Supplied records section start
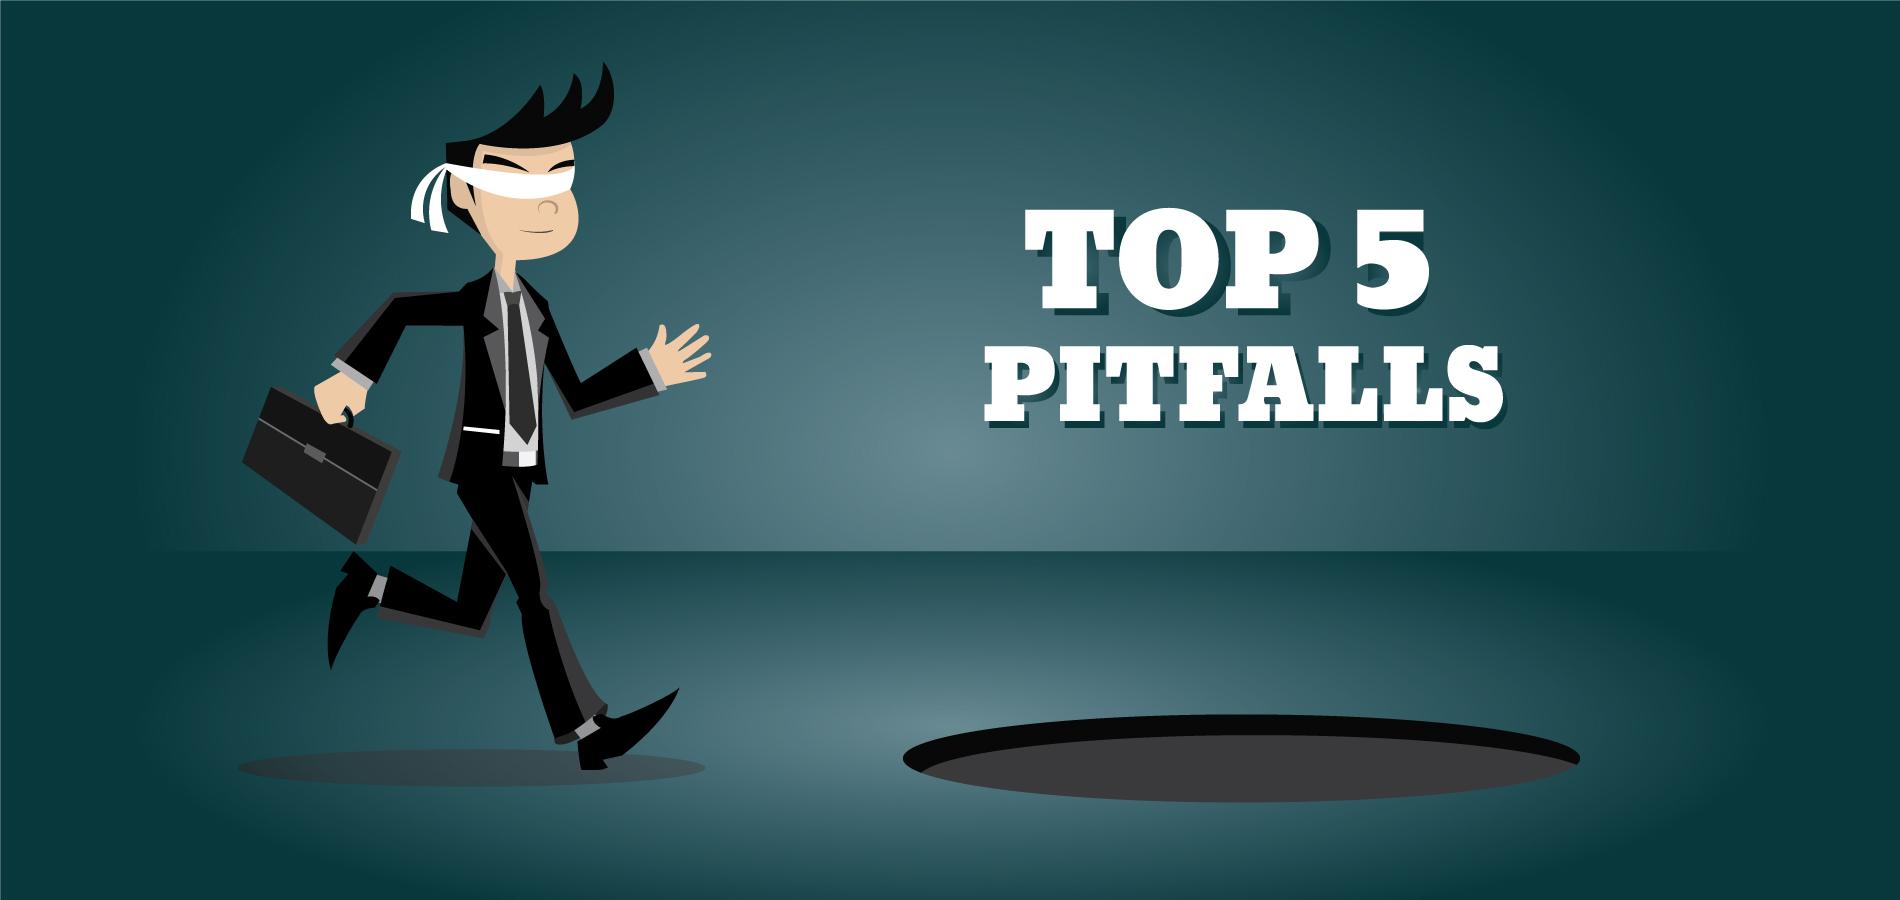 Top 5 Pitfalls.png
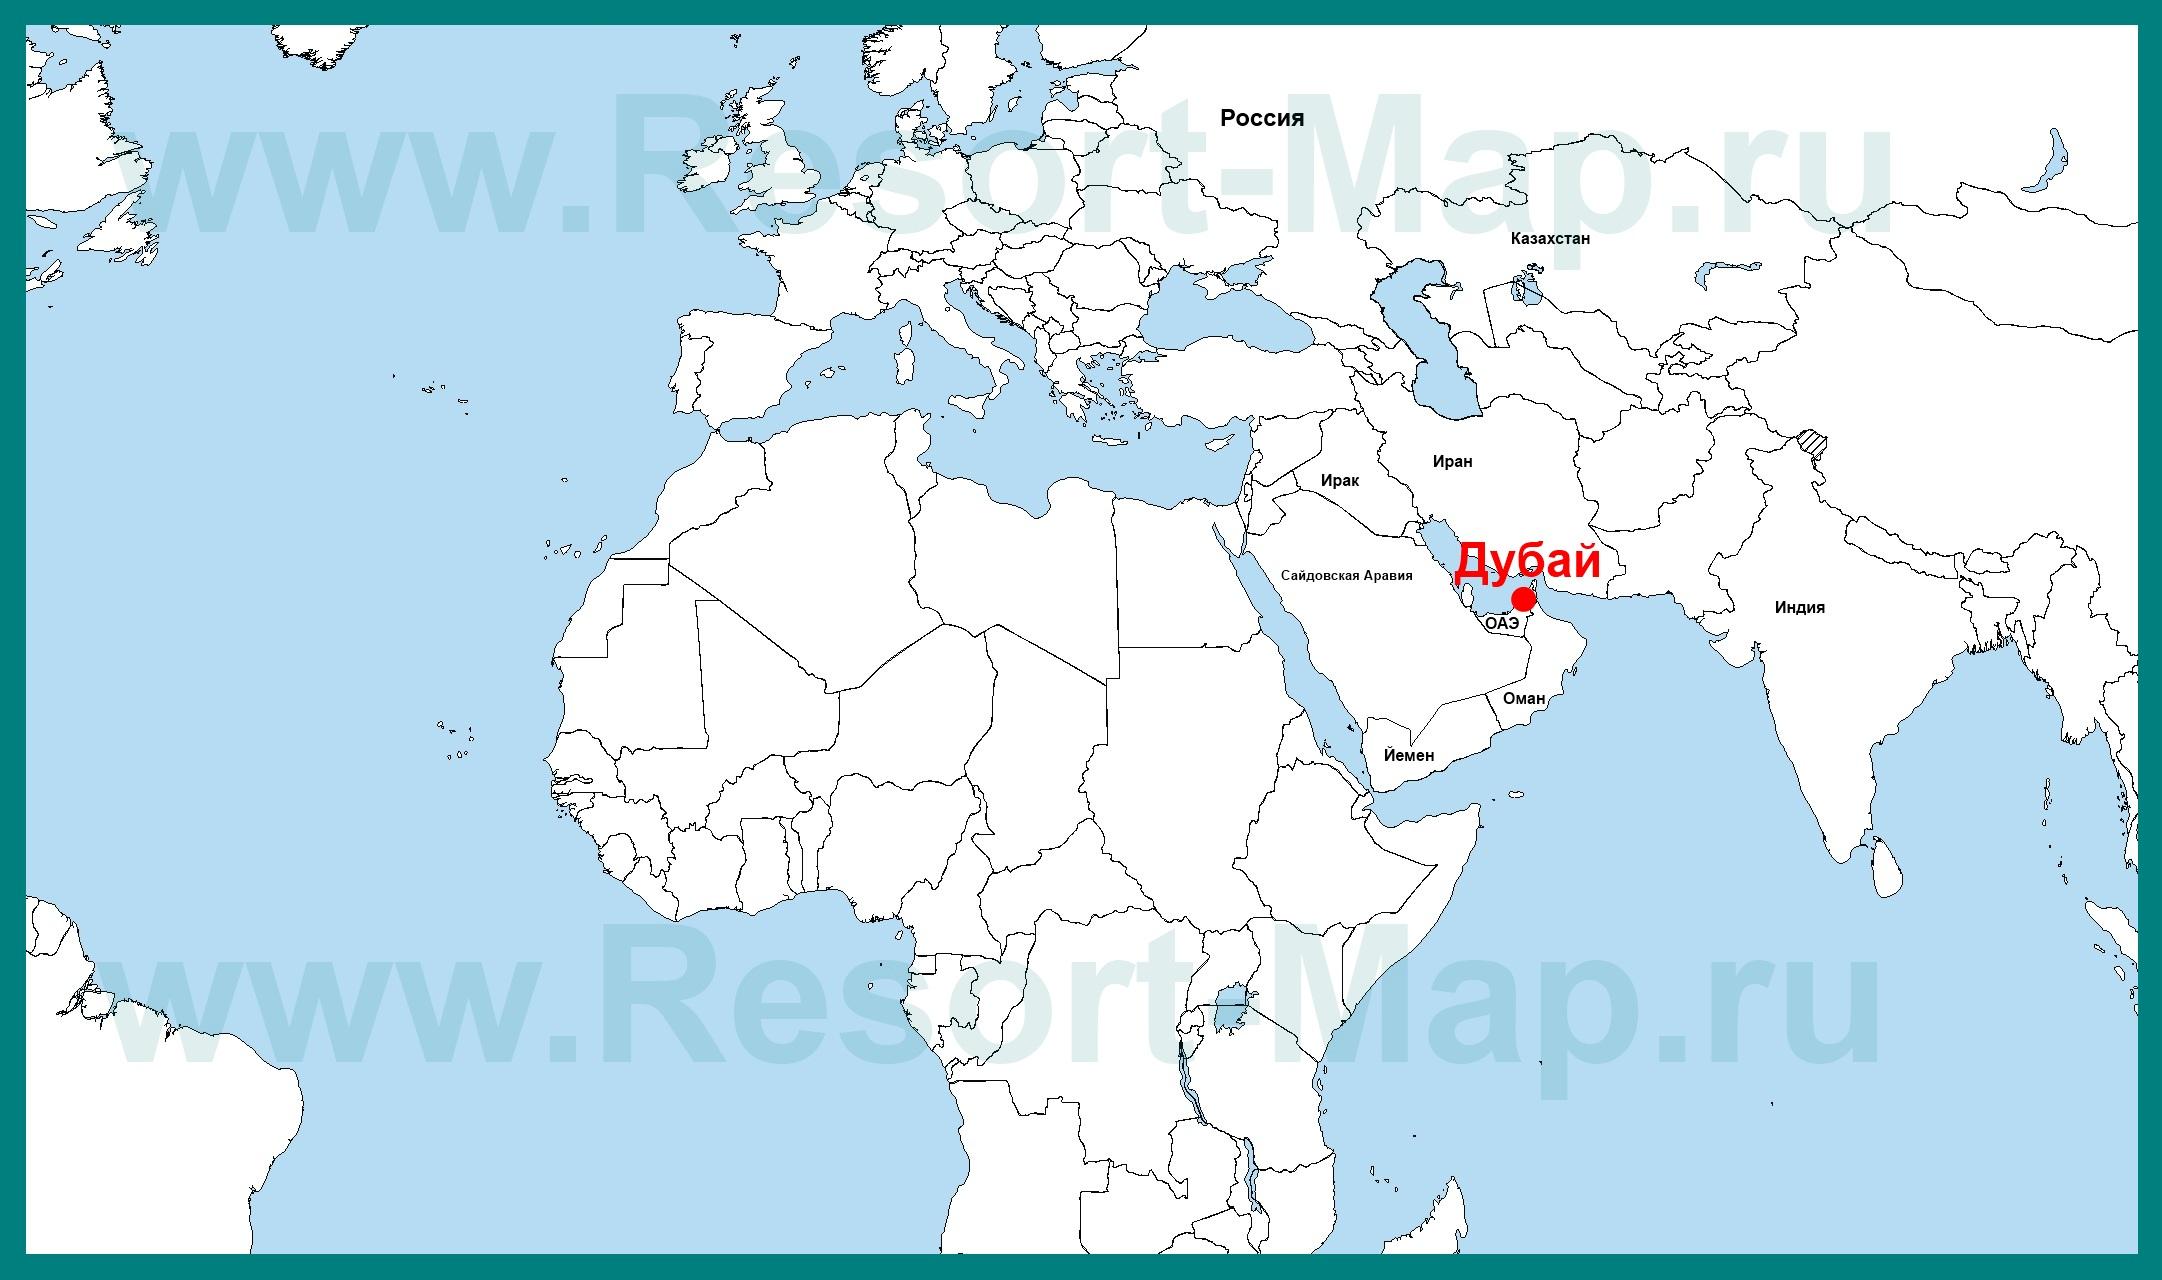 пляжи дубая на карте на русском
Supplied records section end
Supplied records section start
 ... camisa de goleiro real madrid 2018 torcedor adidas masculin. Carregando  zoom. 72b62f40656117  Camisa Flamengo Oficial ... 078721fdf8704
Supplied records section end
Give again the stretch of the entries above that begins at the line with "Top 5 Pitfalls.png" and ends at the line with "пляжи дубая на карте на русском", word for word, with no pictures.

Answer space:
 Top 5 Pitfalls.png
 пляжи дубая на карте на русском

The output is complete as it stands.